## Exercise directions
The lines from the one holding "WALL-E 2 (2025), Pixar Animation" to the final line of the listing below are to be duplicated exactly, with both ends included and pictures omitted.

## Supplied data

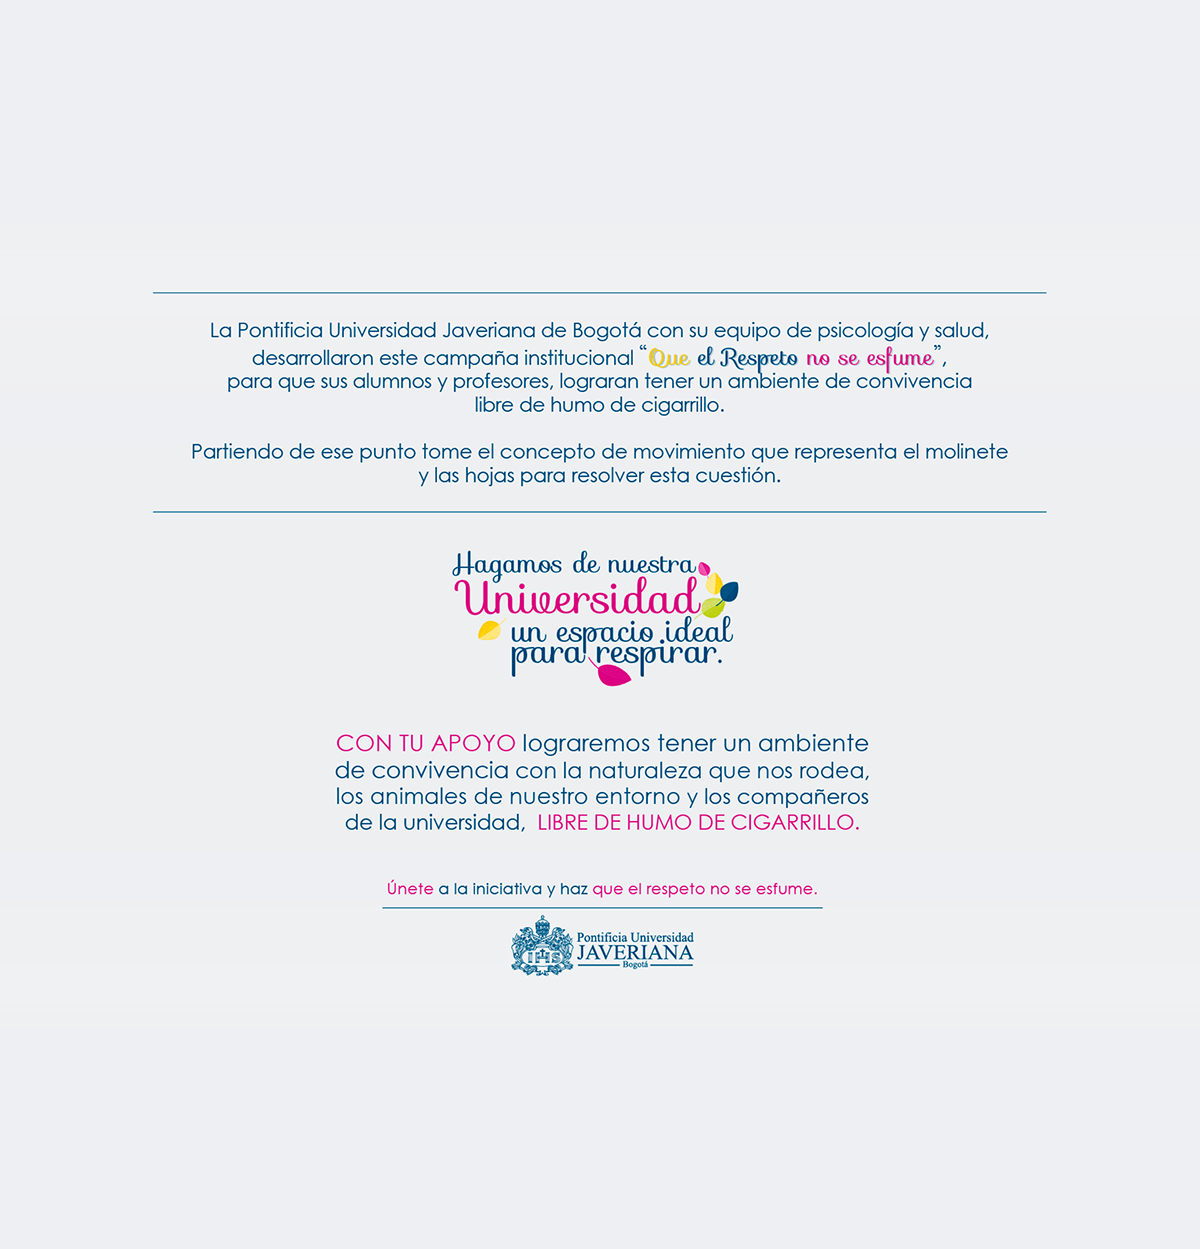 marca universidad javeriana respeto fume Molinete campaign graphic design 
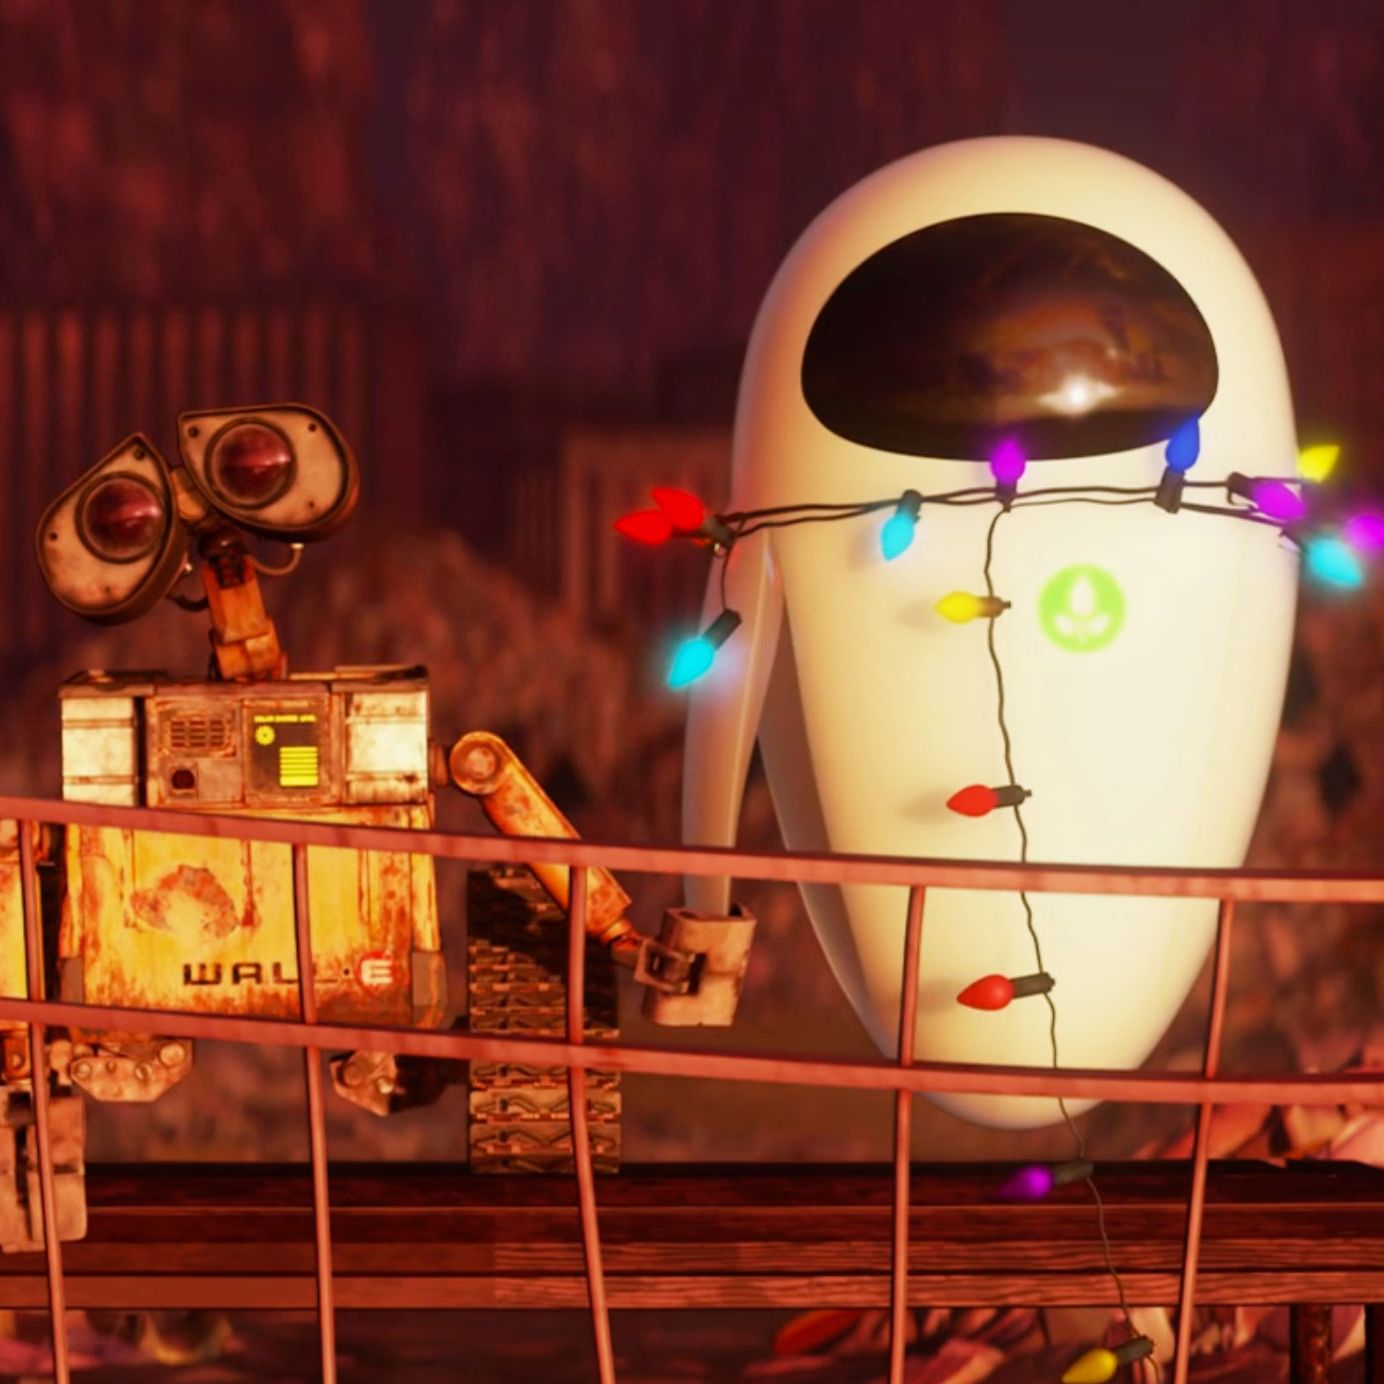 WALL-E 2 (2025), Pixar Animation
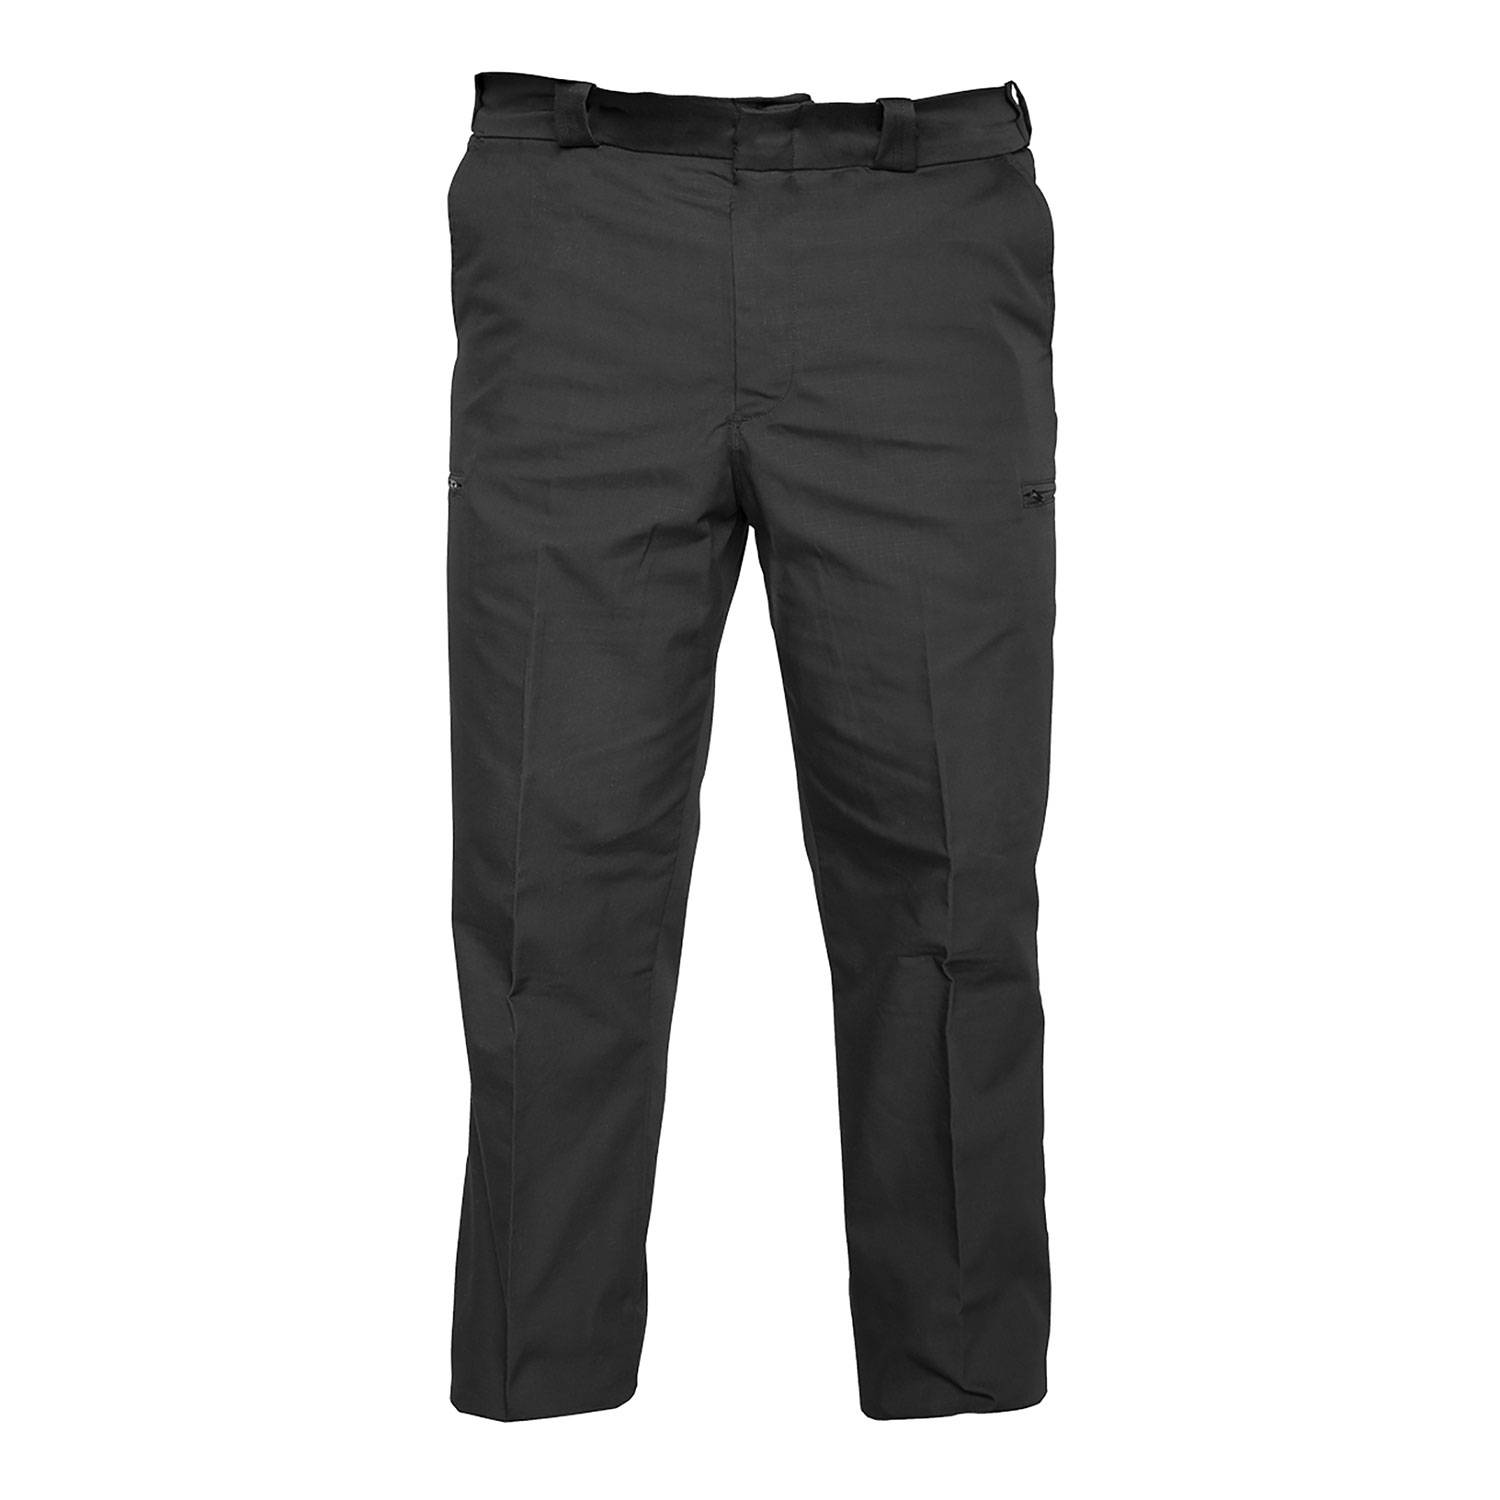 Elbeco Women’s Reflex Hidden Cargo Pocket Trousers
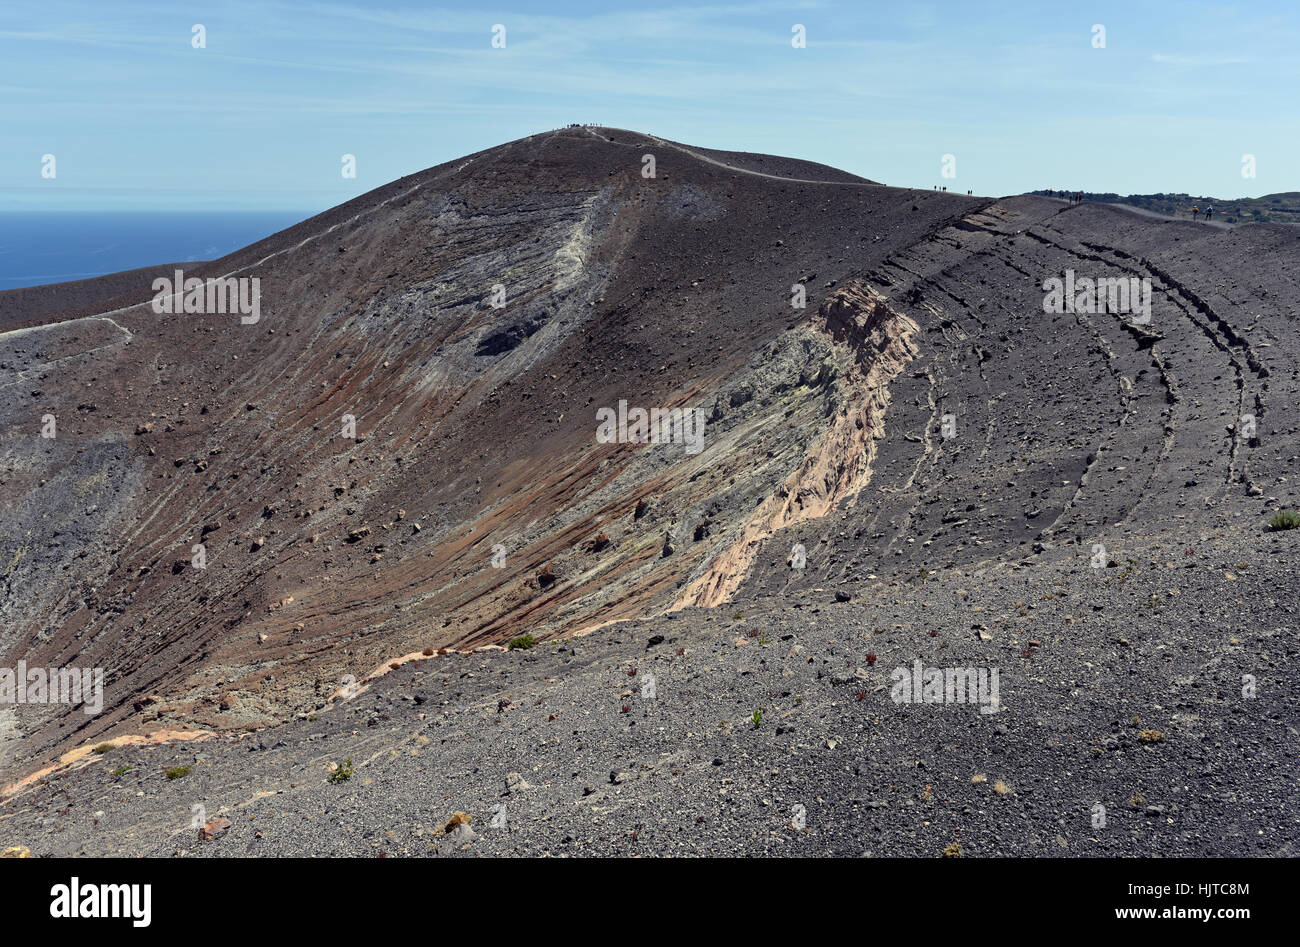 Hiking around the impressive grand crater of Vulcano Island Stock Photo

## Written answer
 WALL-E 2 (2025), Pixar Animation
 Elbeco Women’s Reflex Hidden Cargo Pocket Trousers
 Hiking around the impressive grand crater of Vulcano Island Stock Photo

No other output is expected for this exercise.